I think that the option to dynamically hide a button/text box/drop down/etc. would be incredibly helpful in Tulip development. It would lessen the duplicate steps you would need to have to have a button in the same place as another button, as well as removing having to redo any work you do to one step and needing to add it to the duplicated step.
The functionality is somewhat there already with the “enabled state” option, it could be reworked to either hide the object entirely or leave it there but not enabled
Also find discusstions here:
Keep custom widget from blocking click when hidden? - Developer - Tulip Community
Hide button on Steps, click on print button - Support, Troubleshooting, & Help - Tulip Community
Hide objects like single select - Support, Troubleshooting, & Help - Tulip Community
Hide button in tulip - General - Tulip Community
This is a frequently discussed feature. I wonder if there is really no request before.
I totally agree and think it could be relatively easy, since we already have the “disabled” on buttons…
This would also allow to create simple “pop up” windows to confirm deletion for example or better dynamic navigations where user would only see relevant buttons. Great idea, it would help a lot!
Hi @Bryce.dahle and others who posted here, thanks for surfacing this request. Would you be able to share some screenshots and explanations on what you would like to dynamically show/hide, under what conditions, and what duplicated steps would be eliminated?
More details around the general use cases would be greatly appreciated and help us build the right feature. Thanks!
Below is a snip of the app I’m currently building for our facility. Having the ability to “Stack” the start and finish buttons that match up would make much more room for other options and make the screen feel far less busy. Currently I have the buttons usable based on the “Scan Status” and every time that the status changes, all of the colors of the buttons and their text is changed based on what they should see for that status. (if status is “Not Started” then only Start button is visible and clickable, if “Started” then Finish, Pause, Send to Third-Party, and Remove from Line buttons are clickable and visible, Etc.)
Hi @shep,
I can’t provide an actual screenshot yet (for several reasons).

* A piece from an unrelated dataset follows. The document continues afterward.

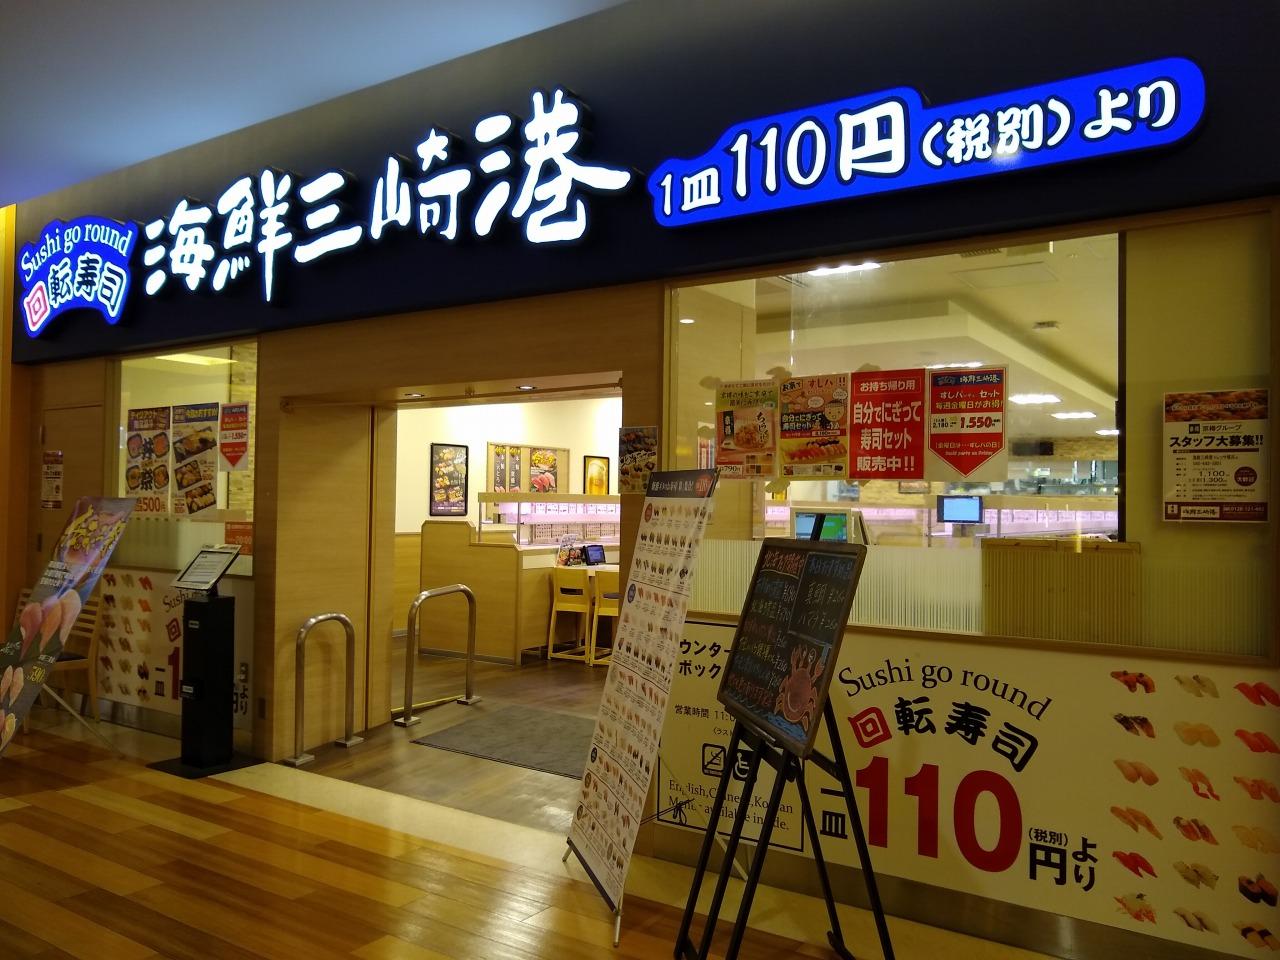 海鮮三崎港トレッサ横浜店

But I made a sketch for one of our use cases:
Imagine the blue sections of the step will be always the same. But the green one (execution) is different. This depends on the actual task.
It can be a text input
, a number input
, multiple number inputs
, a checkbox
or any combination of these…
It is really pain to copy this whole step 10 times to provide a whole step for each scenario.
This also results in a lot of maintenance ( all triggers in all tables etc., design changes, …).
You could simply hide and unhide the inputs for each task (and they can overlap, if they will never appear together)…
Another use case is to provide a different Button, depended on the logged in user or a previous selection. This button can have the correct label for where it is navigating to. (You can’t change Button descriptions.)
Third Use Case:
Sometimes the space is limited. You could overlap widgets, that are meant to be used one after the other. After the usage of one, it can be hidden and the next one can appear. You could Populate inputs with next and previous buttons on one step, where you don’t need to worry about step level triggers to fire again.
You can switch between hardcoded text widgets, without managing variables to write texts in between them.
You can actually build modals, that appear and disappear
You can build a full screen image in any trigger. Currently you need the image widget, that destroyed the image, because it does not respect its aspect ratio!
You can build a pop up camera widget (button “take picture
” unhides a full screen camera widget) without any step navigation (you can place it to still see the context and don’t need to worry about step navigation triggers)…
You can show and hide Storage locations or manufacturing resources as they actually are (full container, empty container, no container)
And I’m sure there is tons of more use cases…
@thorsten.langner @Bryce.dahle thanks so much for providing all this detail around your use cases. Making Apps more dynamic and conditionally based is something we are actively investigating. Our hope is to reduce the redundancy required, such as duplicating steps to achieve the desired behavior. We will keep you posted on this!